With the progress of the age, electric media have mainly become one of the document-supplying media. In general, the electric document is usually stored in an electric database, which can store a great number of electric documents. Thus, the desired electric document has to be found using the search engine in conjunction with terms for retrieving the electric documents stored in the electric database.


In the prior art of FIG. 1, for example, the user usually firstly inputs a term to the search engine (Step S01). Then, the search engine searches the electric database according to the term so as to retrieve the desired electric document (Step S02). Finally, the retrieved electric document is outputted (Step S03) by presenting the electric document for the user using a display. In step S02, the search engine usually analyzes whether or not each electric document contains a term or terms and further analyzes the message such as the appearance time and position of each term so that the relationship between the electric documents may be judged.

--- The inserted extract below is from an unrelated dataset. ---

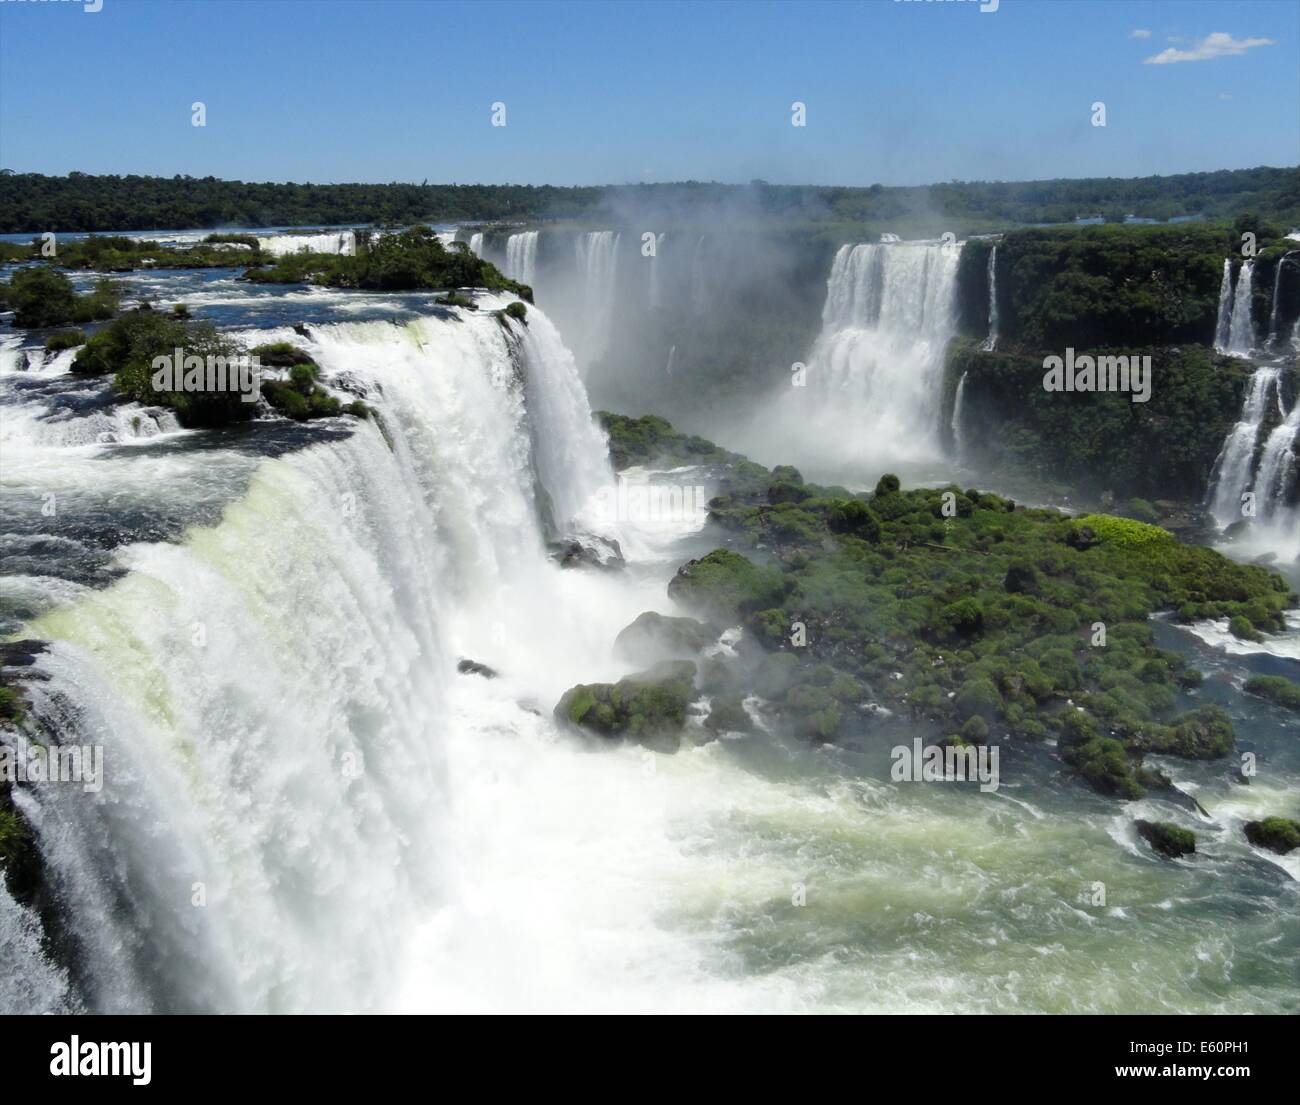 Chutes d'Iguaçu, l'une des merveilles naturelles du monde, à la frontière de l'Argentine et le Brésil Banque D'Images

However, the above-mentioned retrieving method does not make the classification with respect to the content and property of each document. Thus, when the retrieving process is performed using the terms, some unrelated documents having the terms, particularly in the case when some term has various explanations, or when the algorithm of the search engine does not properly analyze the articles and generate the correct terms. For example, when the user receives the term “IDF” and hopes to search the related data of “Information Disclosure Form, IDF” stated in the U.S. Patent Law, he or she may actually find the unrelated electric document. For example, electric documents related to the “IDF” fighter, which is made in Taiwan.


In addition, the prior art still has other drawbacks. For example, when the related message is to be searched from some electric document, it is usually or necessary to retrieve all electric documents in the whole electric database, or it is only allowable to retrieve according to the existing search result. Thus, the electric documents in some specific related range cannot be retrieved in a concentrated manner. So, the efficiency of the overall search procedure is lower, and the cost thereof is higher. In addition, when a related subject is to be searched from some electric document, different terms have to be received again for retrieving. That is, no effective and convenient method is proposed to automatically start from some electric document and to search other electric documents with the related subject.


SUMMARY OF THE INVENTION

In view of the above-mentioned problems, the invention is to provide a related document content linking managing system and a related document content linking managing method, which can effectively find the desired document out.

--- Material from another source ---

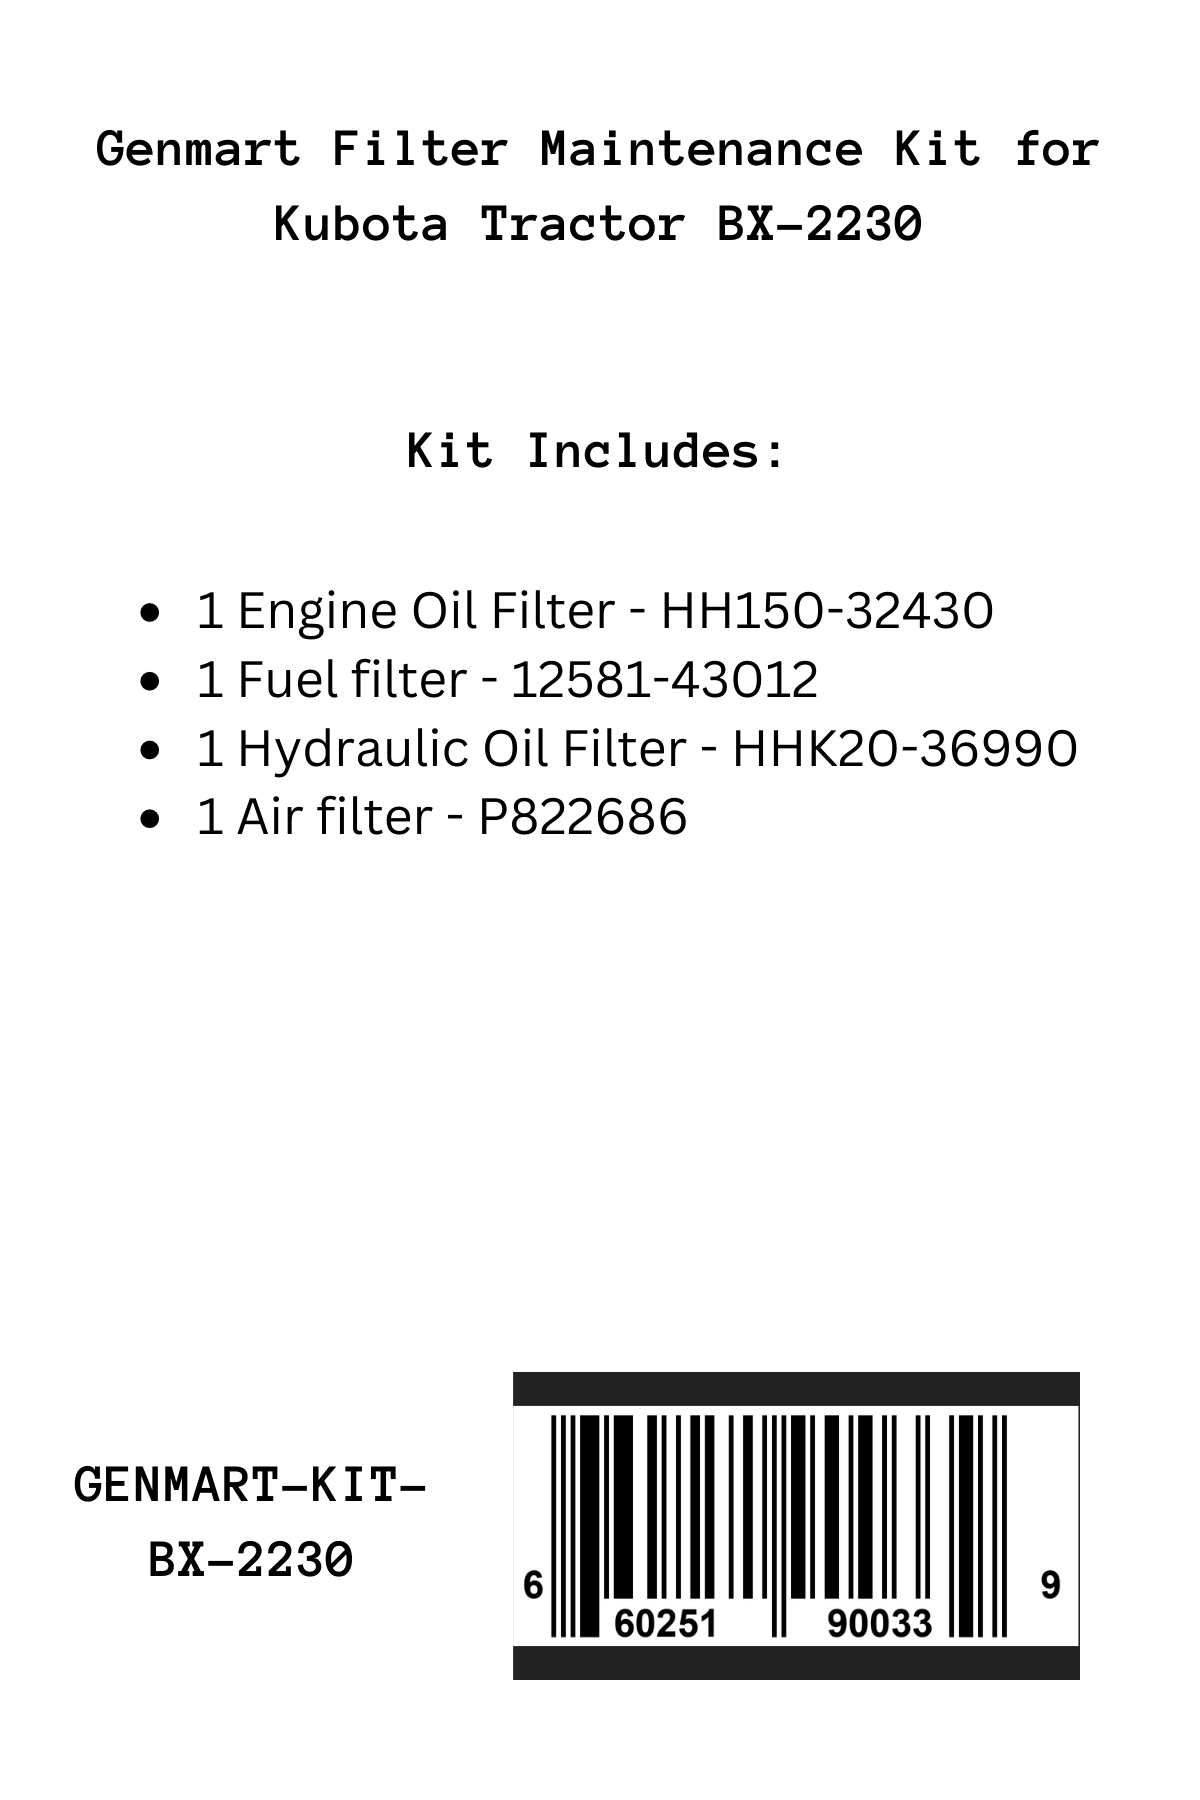 Genmart maintenance Kit for Kubota Tractor BX-2230

In addition, the invention is to provide a related document content linking managing system and a related document content linking managing method, which can retrieve the document with the specific related range.


Moreover, the invention is to provide a related document content linking managing system and a related document content linking managing method, which can conveniently find the documents with the related subject.


To achieve the above, a related document content linking managing system of the invention includes a document receiving module, a term-classification database, a classifying module, a classified document database, a document retrieving module, and an outputting module. In this aspect, the document receiving module receives a plurality of documents. The term-classification database stores a plurality of terms and at least one classification corresponding to each of the terms. The classifying module analyzes the documents according to a term extracting weight of any one of the terms in the documents and according to the at least one classification so as to generate a plurality of classified documents. The classified document database stores the classified documents. The document retrieving module searches the classified document database to retrieve at least one document. The outputting module outputs the retrieved document.


In addition, the invention also discloses a related document content linking managing method comprising the steps of: receiving a plurality of documents and creating a term-classification database for storing a plurality of terms and a classification corresponding to each term; analyzing the documents according to term extracting weights of the terms and classifications so as to generate a plurality of classified documents; searching the classified documents to retrieve at least one document; and outputting the retrieved document.


The invention further provides a recording medium, which records a computer readable related document content linking managing program. The related document content linking managing program is for the computer to perform the above-mentioned related document content linking managing method of the invention.


As mentioned hereinabove, the related document content linking managing system and method of the invention create the term-classification database in advance so as to record the classifications corresponding to each term, so it is possible to analyze the classifications corresponding to each document in advance. That is, the classified documents may be generated. Hence, the related document content linking managing system and method of the invention can effectively find the desired documents, retrieve the documents within specific related range, conveniently find the document with the related subject, and find the related subject of some document or even find the document with the corresponding subject. Thus, the efficiency of the overall search procedure may be enhanced, and the cost thereof may be correspondingly reduced.




BRIEF DESCRIPTION OF THE DRAWINGS

The invention will become more fully understood from the detailed description given herein below illustration only, and thus is not limitative of the present invention, and wherein:



FIG. 1 is a flow chart showing a conventional related document content managing method;



FIG. 2 is a schematic illustration showing a related document content linking managing system according to a preferred embodiment of the invention; and



FIG. 3 is a flow chart showing a related document content linking managing method according to the preferred embodiment of the invention.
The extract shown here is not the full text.